**Supplied data**
++++
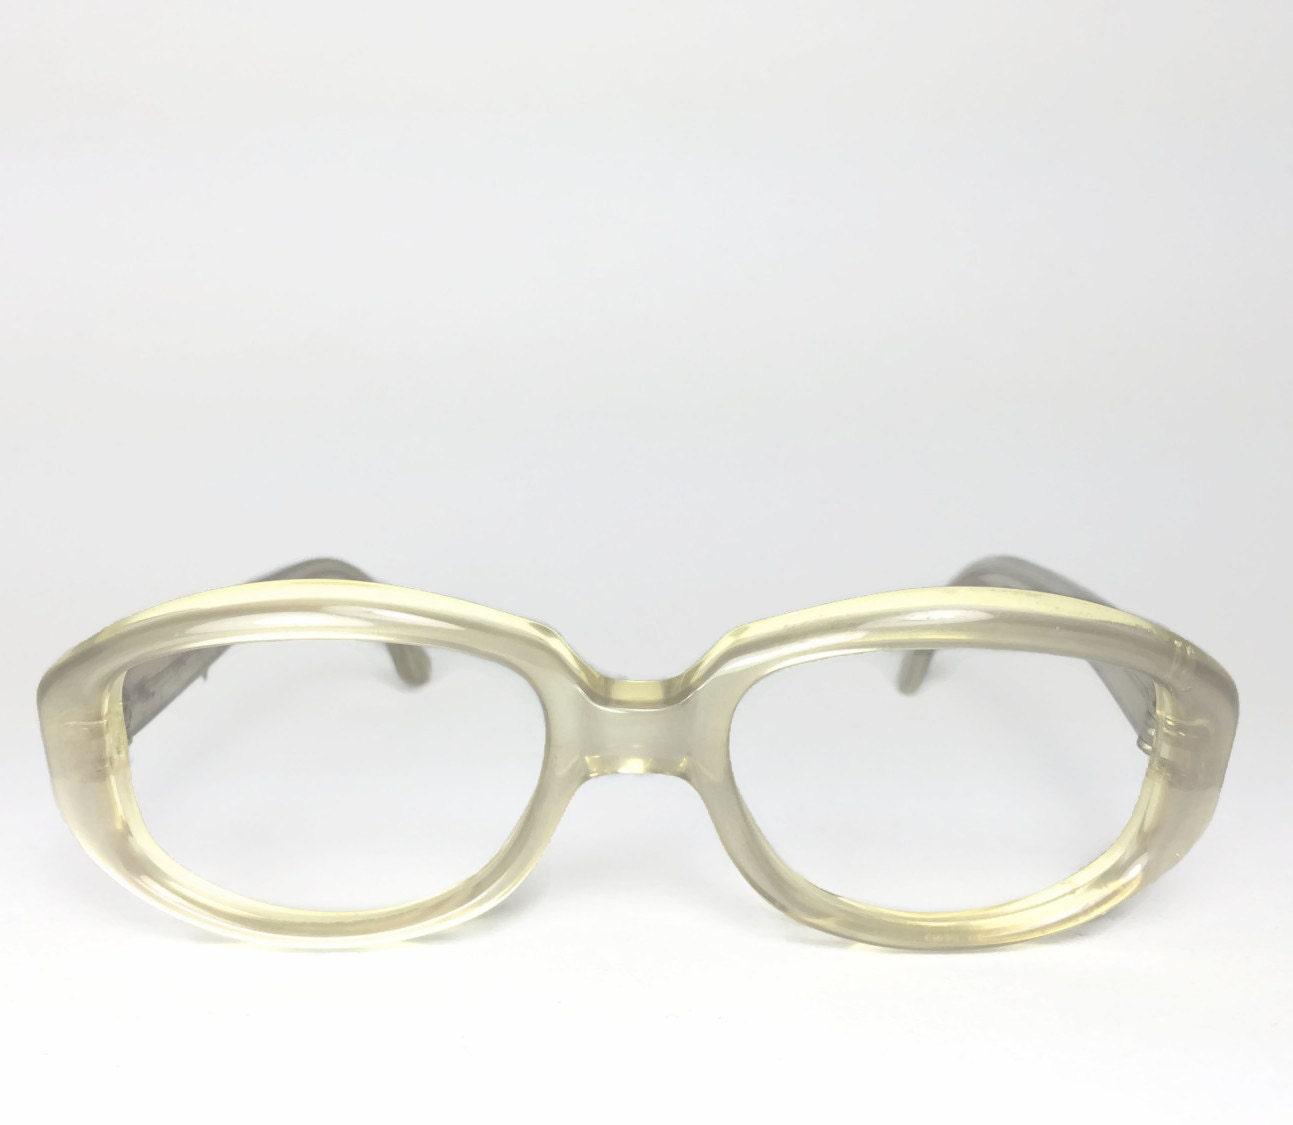 Vintage 60s Eyeglasses   1960s Petite Round Clear Pearl White ...
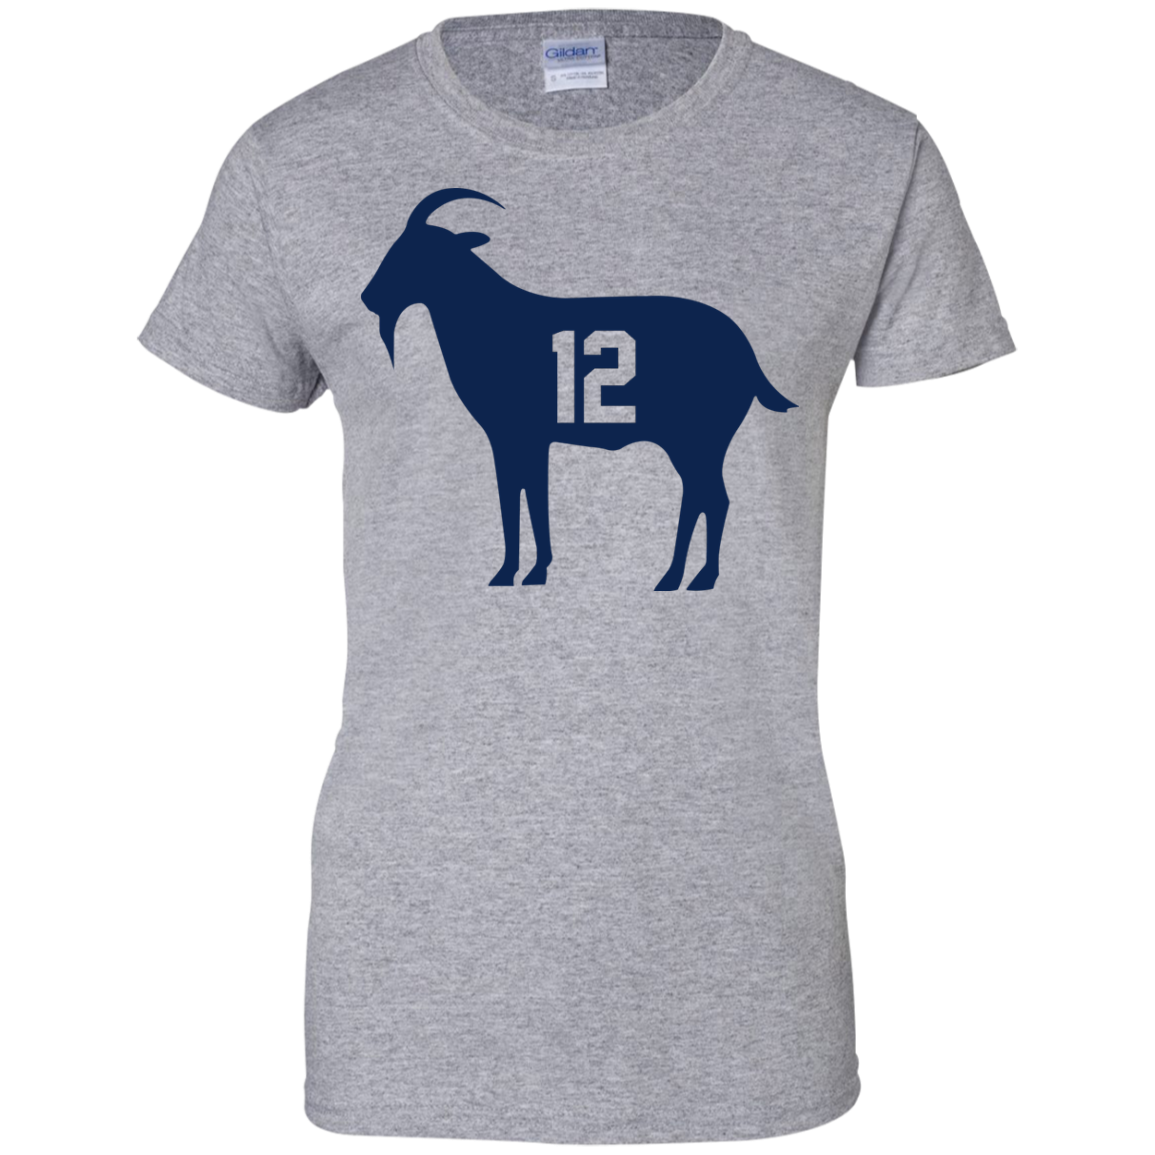 image 82px Goat Tb 12 Tom Brady T Shirt, Hoodies, Tank Top
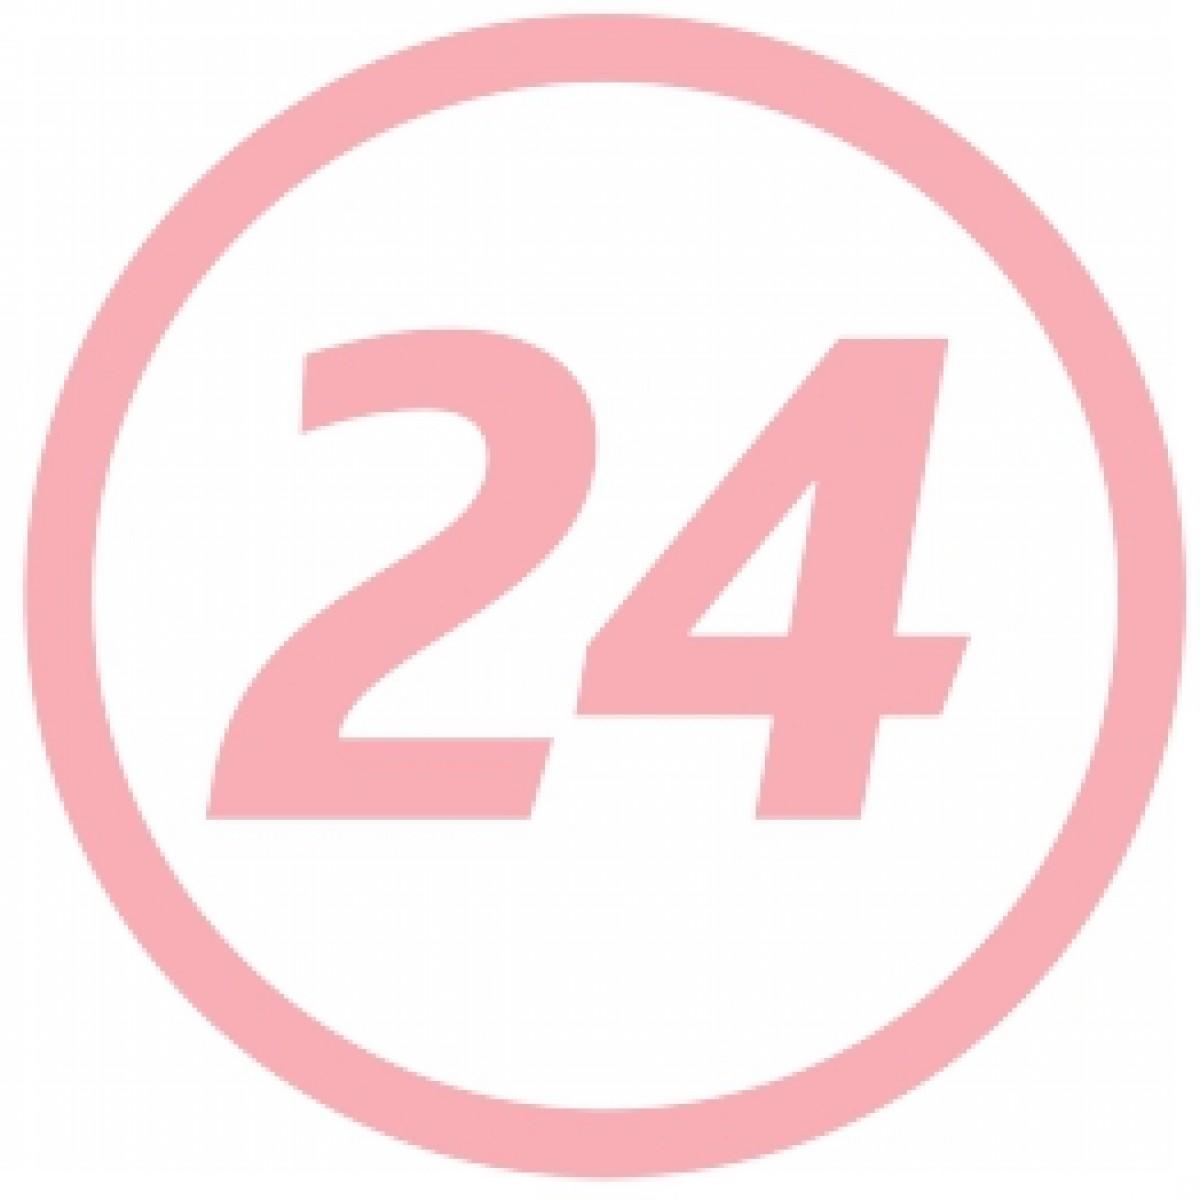 HARTMANN Peha-Taft Manusi Chirurgicale Pudrate Marimea 7.5, Manusi Chirurgicale, 1buc
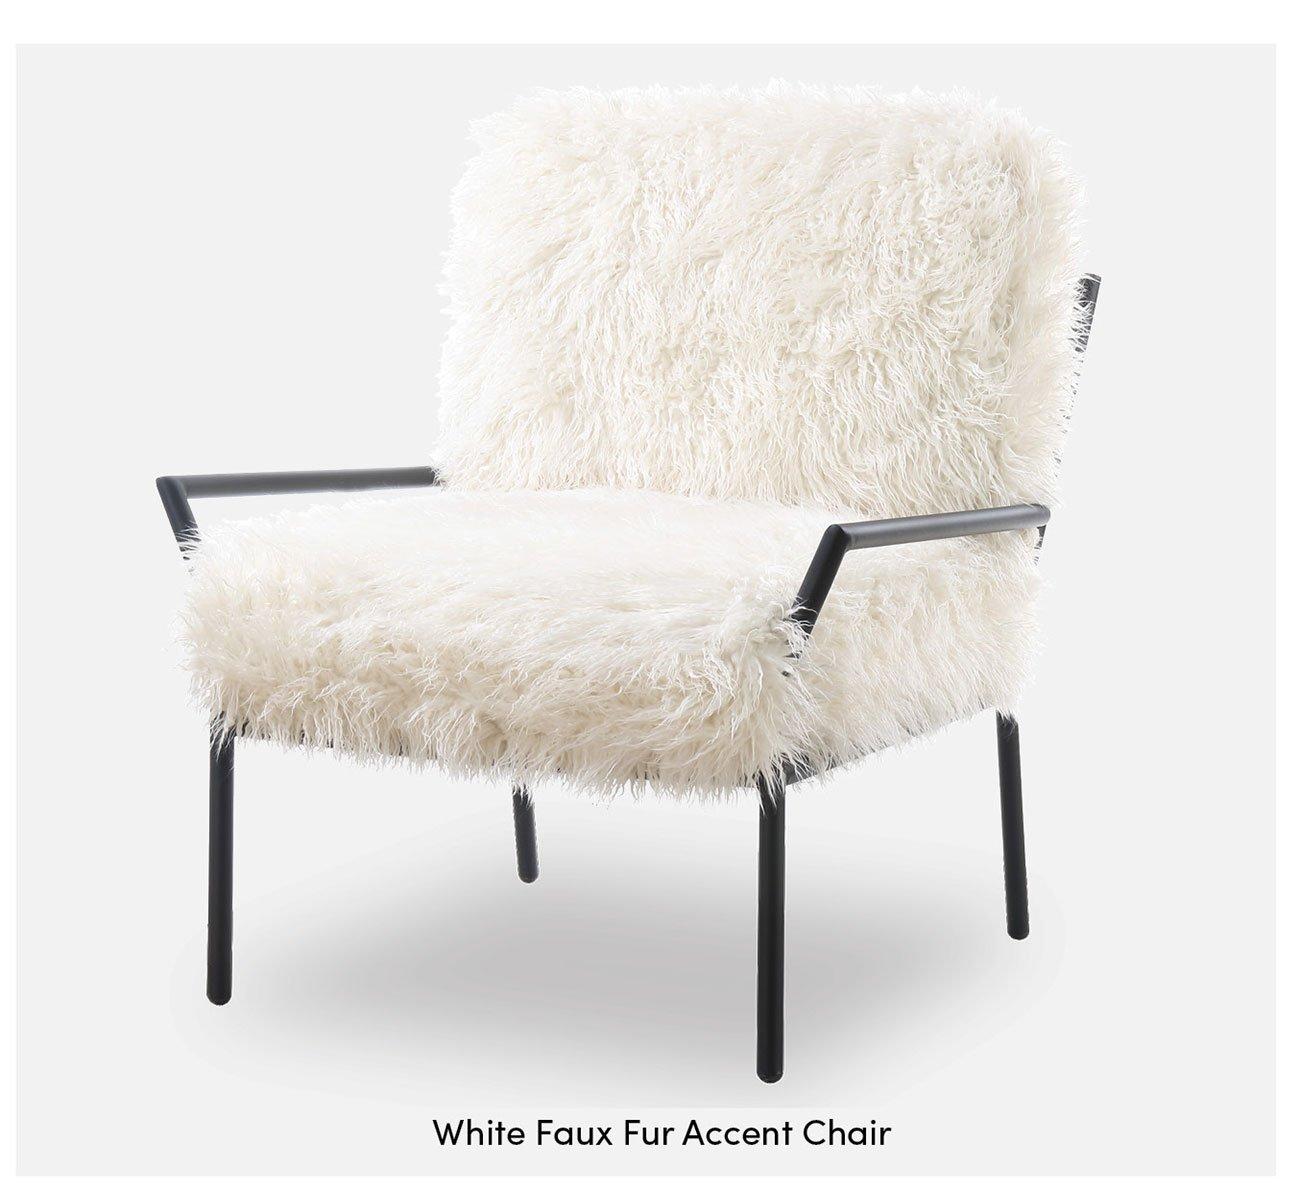 White-faux-fur-accent-chair
++++
**Work order**
Leaving out all pictures, repeat word for word the lines from the one containing "image 82px Goat" through the final line of the material above.

**Solution to the problem**
 image 82px Goat Tb 12 Tom Brady T Shirt, Hoodies, Tank Top
 HARTMANN Peha-Taft Manusi Chirurgicale Pudrate Marimea 7.5, Manusi Chirurgicale, 1buc
 White-faux-fur-accent-chair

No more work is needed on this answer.